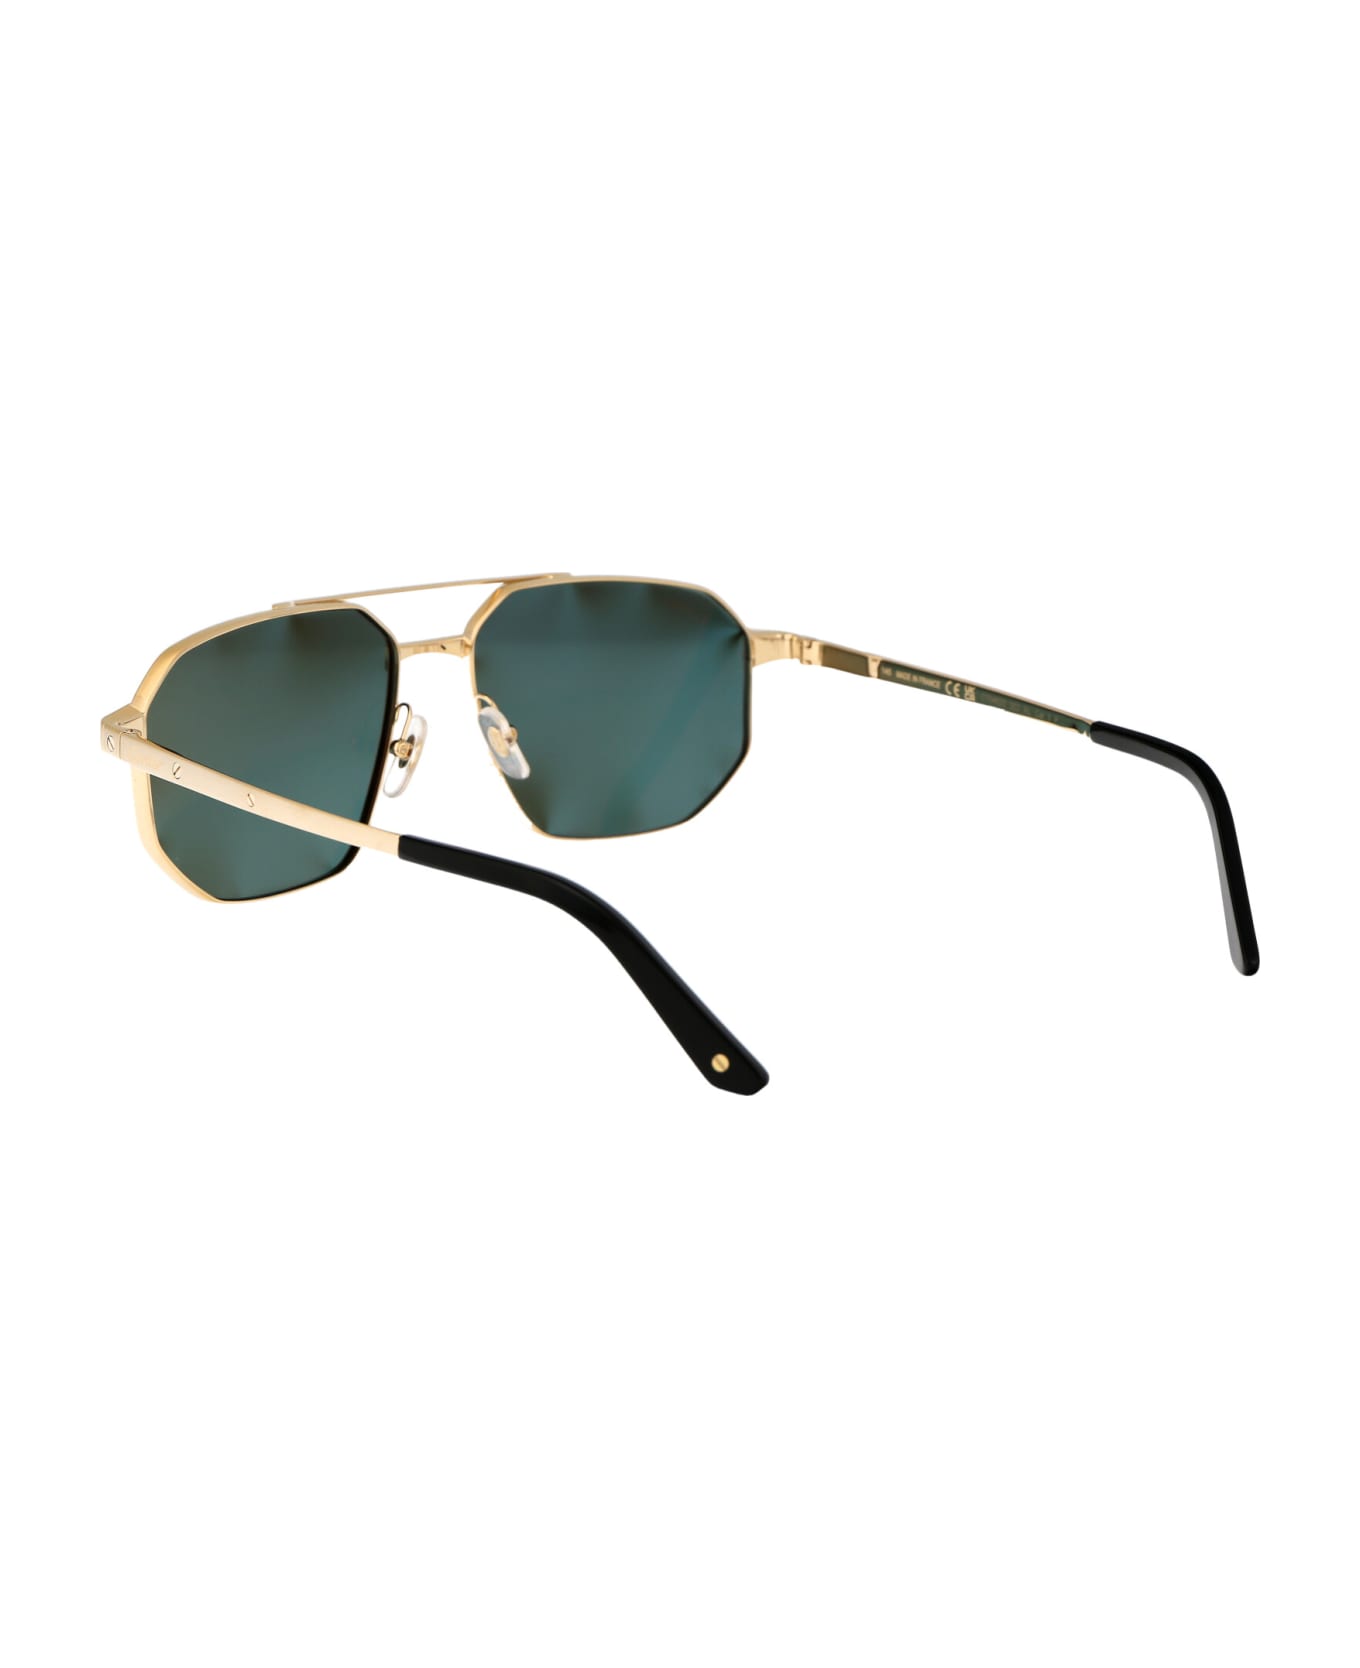 Cartier Eyewear Ct0462s Sunglasses - 003 GOLD GOLD GREEN
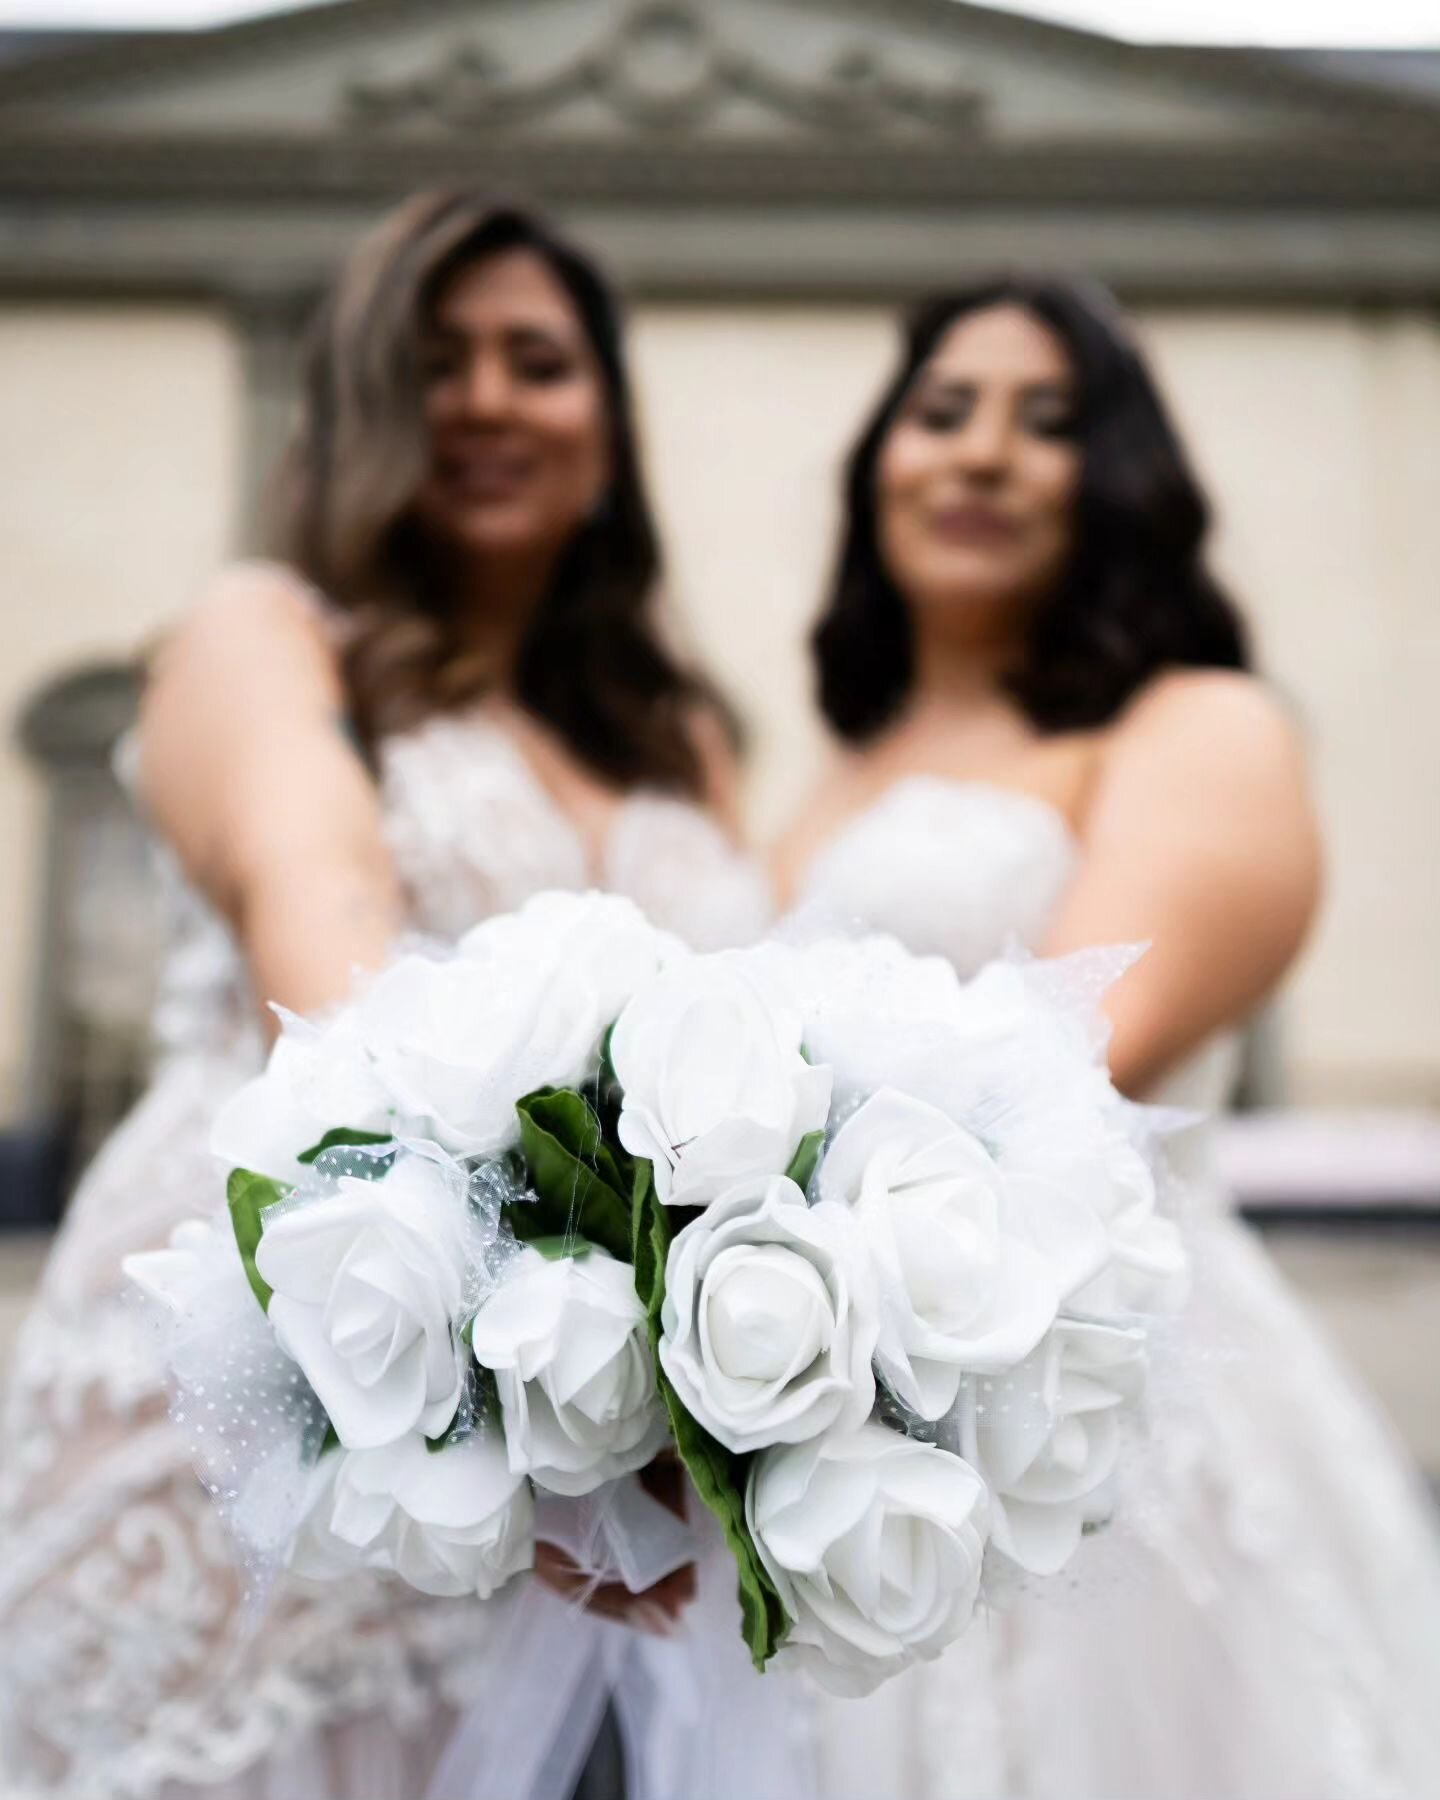 All white wedding😍😍

#love #weddings #weddingphotography
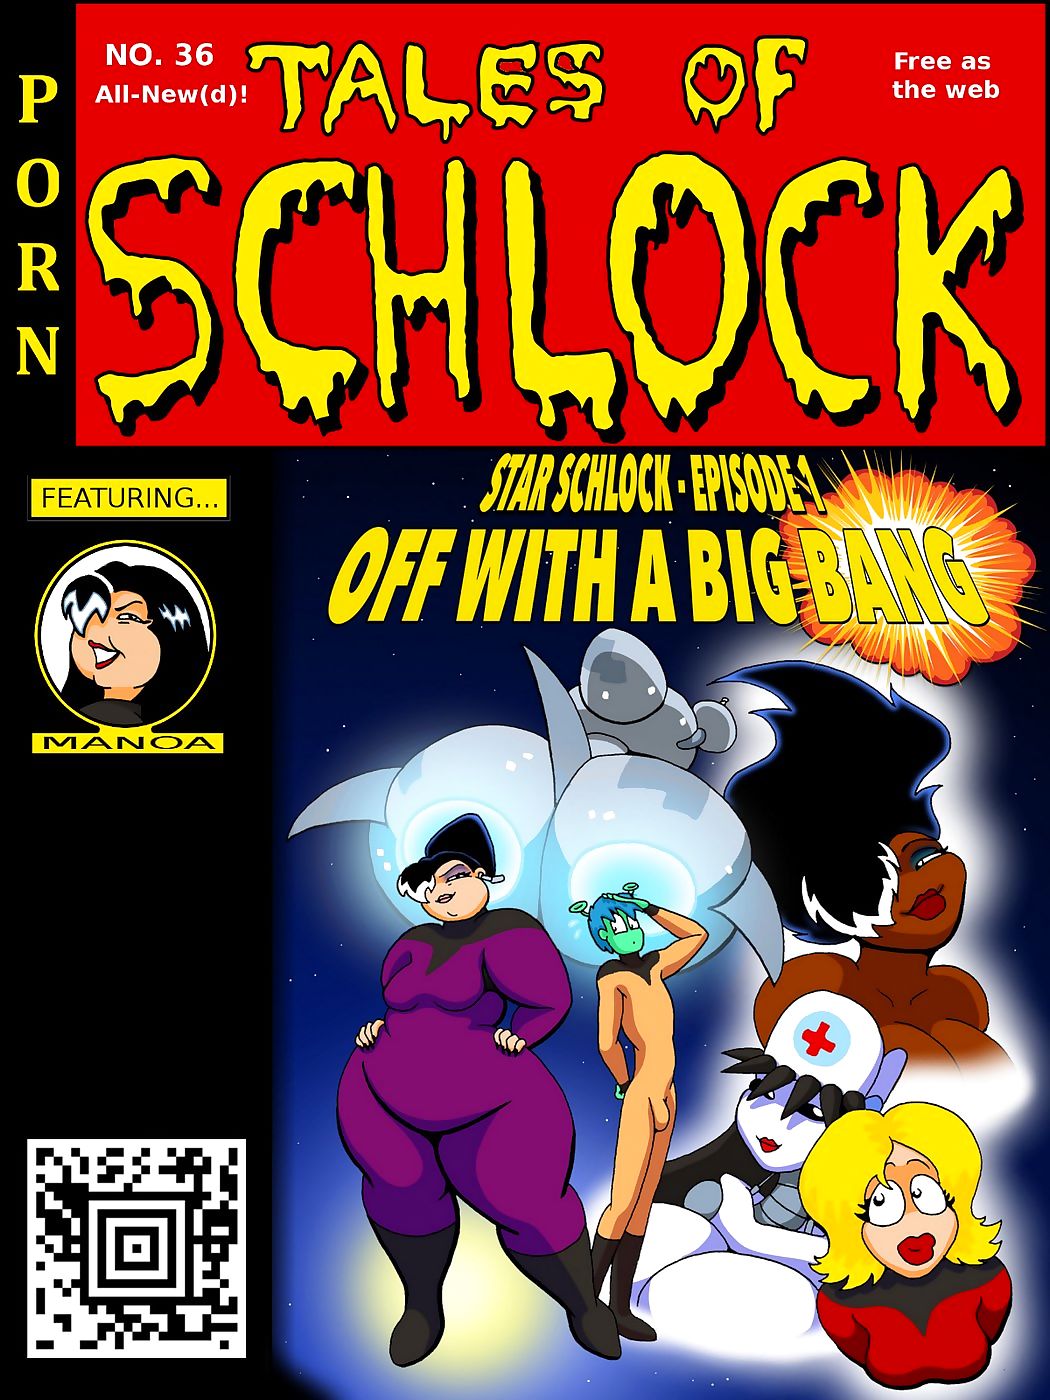 Tales of Schlock #35 – Star Schlock page 1

_Exercise goal:_ No pictures go in the copy. Set down all the data exactly.

_Exercise result:_
 Cartier Eyewear Ct0462s Sunglasses - 003 GOLD GOLD GREEN
 All white wedding😍😍

#love #weddings #weddingphotography
 Tales of Schlock #35 – Star Schlock page 1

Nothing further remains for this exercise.